PAYG is different from flat rates or package plans that involve customers paying for a fixed service regardless of actual usage. With these traditional plans, customers typically choose a package with defined service limits, such as a specific data allowance or storage capacity. These packages often come with fixed contract terms and cannot be flexibly adjusted. On the other hand, PAYG models bill customers on a regular basis according to actual usage.
What are the advantages of pay-as-you-go models?
PAYG offers a range of benefits for businesses and customers.

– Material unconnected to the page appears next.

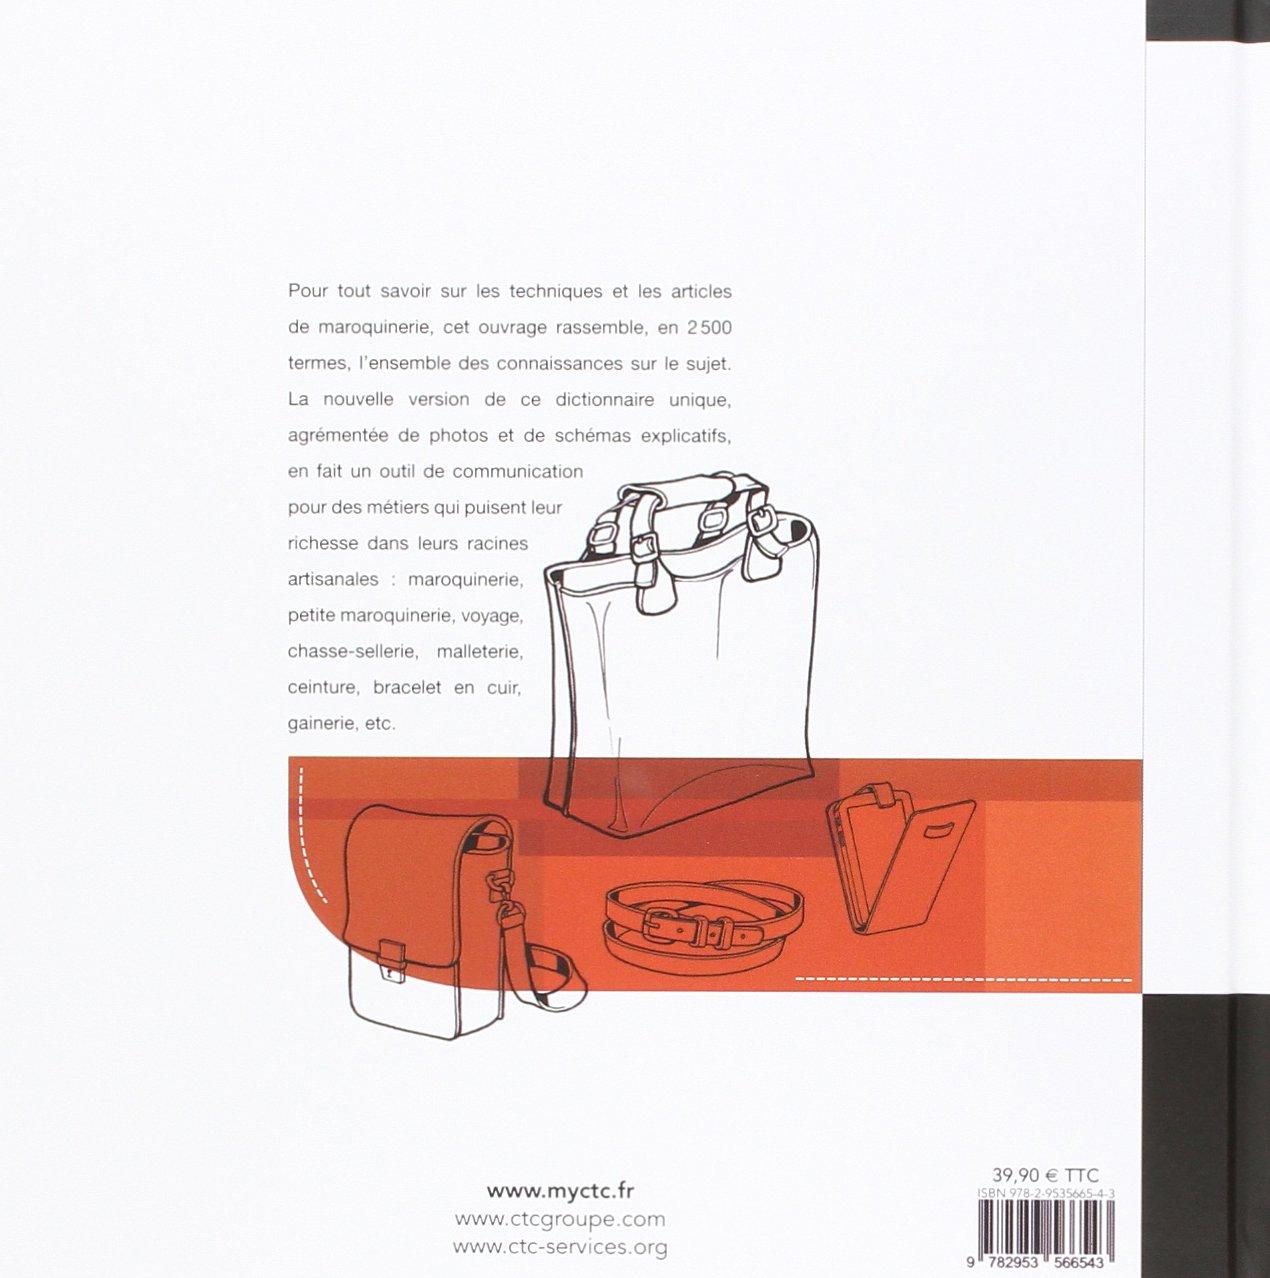 Dictionnaire technique de la maroquinerie Les indispensables de CTC: Amazon.es: CTC, Yves Morin: Libros en idiomas extranjeros

Below, we provide some of the most important advantages.
Advantages for businesses
- Low churn: The PAYG model can reduce churn because customers only pay for what they use and don’t pay for anything they don’t use.
- Higher revenue per customer: PAYG can increase revenue per customer across the entire usage period because payments go up in line with increased usage.
- Scalability: Because costs adjust automatically to usage, businesses can serve both occasional and frequent customers with a single pricing model.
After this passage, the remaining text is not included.